Cyber and Fraud Centre Scotland is an Edinburgh-based cyber social enterprise. Kallidin is an AI and data consultancy founded earlier this year by John Brodie, Warwick Beresford-Jones and Samuel Riddington.
Leadership guidance
“AI is rapidly changing the way organisations operate, creating significant opportunities for innovation and growth. However, it is also introducing new risks that boards and senior leadership teams cannot afford to ignore. The feedback from our Executive Education Programme participants was clear: they want balanced guidance on AI that cuts through the hype. Too often, the volume of competing opinions and headlines leaves leaders unsure where to start. This new session will help leaders understand both the opportunities and the threats, while reinforcing that the foundations of good cyber security remain just as important as ever. We’re delighted to bring Kallidin into the programme. Their deep expertise in data science and AI, combined with their no-nonsense approach, makes them an ideal partner to help executives build confidence and capability in this rapidly evolving area,” said Jude McCorry, Chief Executive Officer, Cyber and Fraud Centre Scotland.

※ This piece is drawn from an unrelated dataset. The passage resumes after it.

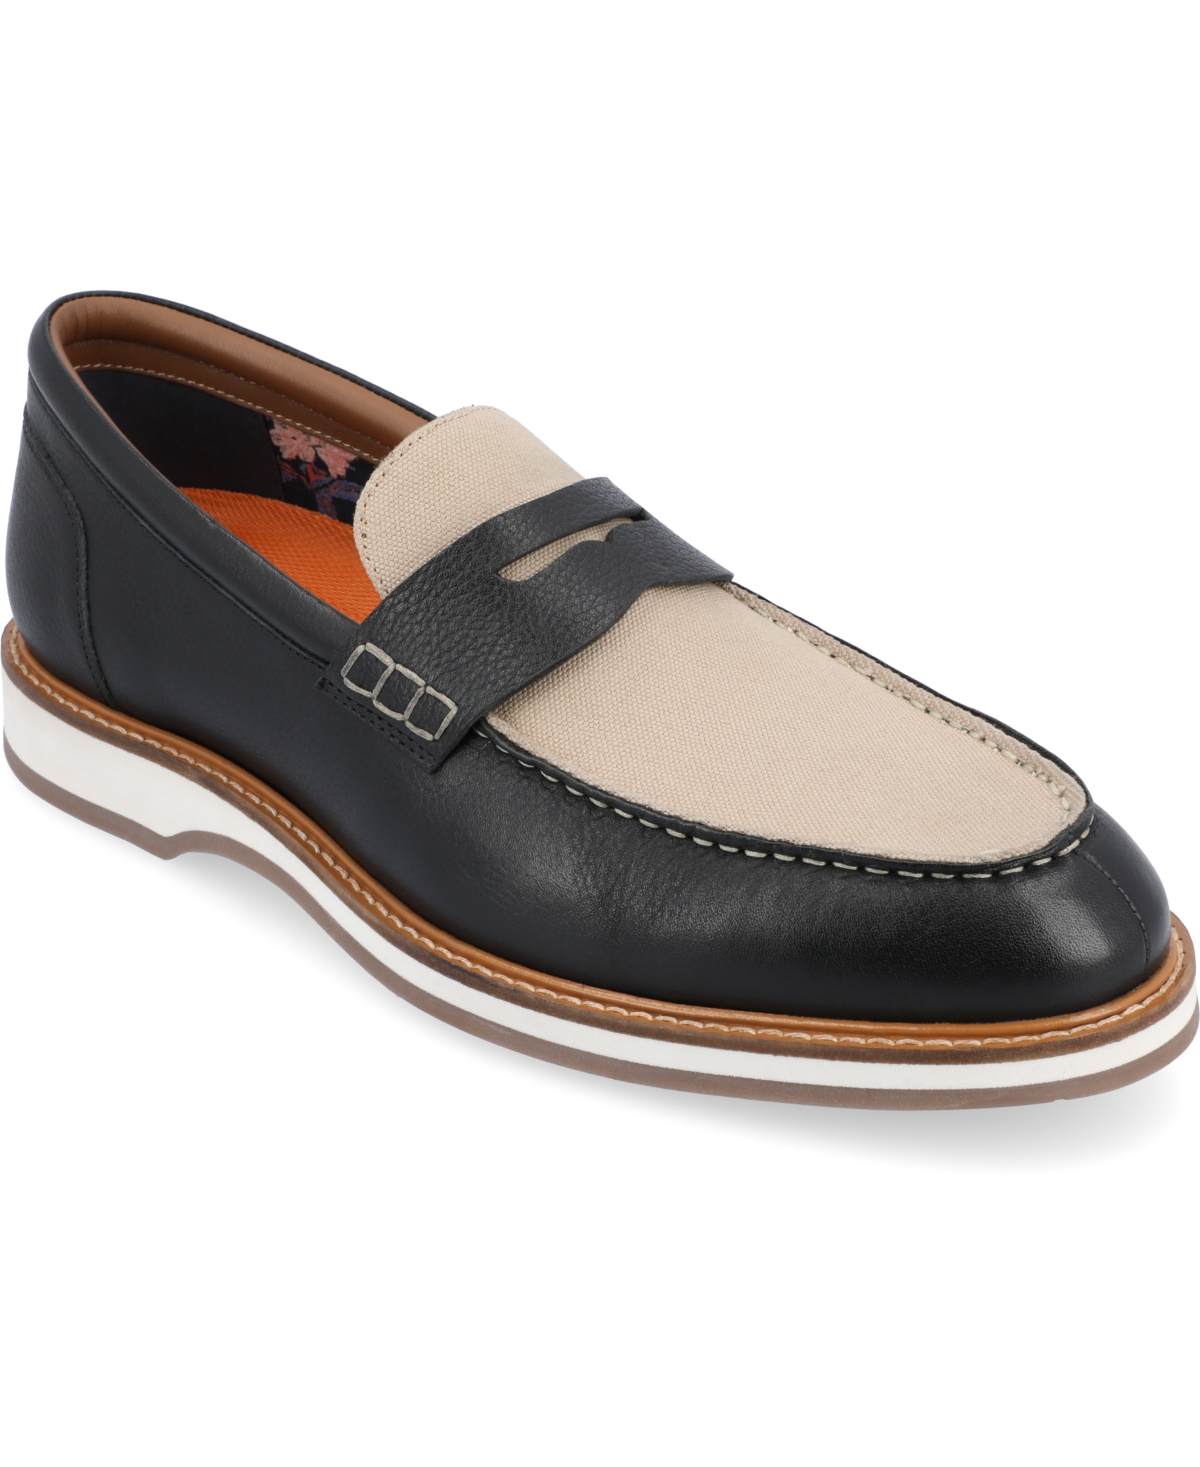 Men's Kaufman Moc Toe Penny Loafers Casual Shoes - Cognac

McCorry is Chief Executive Officer of Cyber and Fraud Centre Scotland.
The programme is designed as executive-level training rather than technical instruction. It focuses on governance, oversight and decision-making, an area that has become more urgent as AI tools move into day-to-day business processes without always being subject to clear controls.
Kallidin said one of the main obstacles to successful AI adoption is that many organisations struggle to move projects into wider use. The consultancy was created to tackle stalled deployments by addressing data bottlenecks and helping companies prepare internal systems and teams for AI initiatives.
That position aligns closely with the themes covered in the new session. Issues such as shadow AI, supplier exposure and data governance have become central concerns for boards trying to understand where responsibility for AI sits and how risks should be managed across the business.
Boardroom shift
“For boards and executive teams, the question is no longer whether AI will reshape their organisation – it’s whether they will lead that change or be forced to react to it. Many organisations are already experiencing the realities of AI adoption, whether that’s employees using AI tools without oversight, increasing pressure from customers and suppliers, or growing expectations around productivity and innovation. At the same time, cyber criminals are leveraging AI to scale and enhance their attacks. Our goal is to provide leaders with a practical understanding of where the real risks lie, where the opportunities exist, and what actions they should be taking now,” said John Brodie, Co-founder, Kallidin.
The addition of the AI module suggests executive cyber education is widening beyond security controls and incident response to include strategic questions about emerging technology. It also points to rising demand from boards for practical guidance on how AI affects governance, risk management and organisational resilience.
For Cyber and Fraud Centre Scotland, the partnership adds AI-specific content to an established programme focused on helping senior decision-makers understand cyber and fraud responsibilities. For Kallidin, it puts the consultancy in front of leaders seeking advice on how to address AI-related risk without losing sight of existing security fundamentals.
Business & Technology
Grove and Wantage fun day boosts cash for community groups
Money raised from the event will go towards helping local people in the OX12 area (Image: Ed Nix)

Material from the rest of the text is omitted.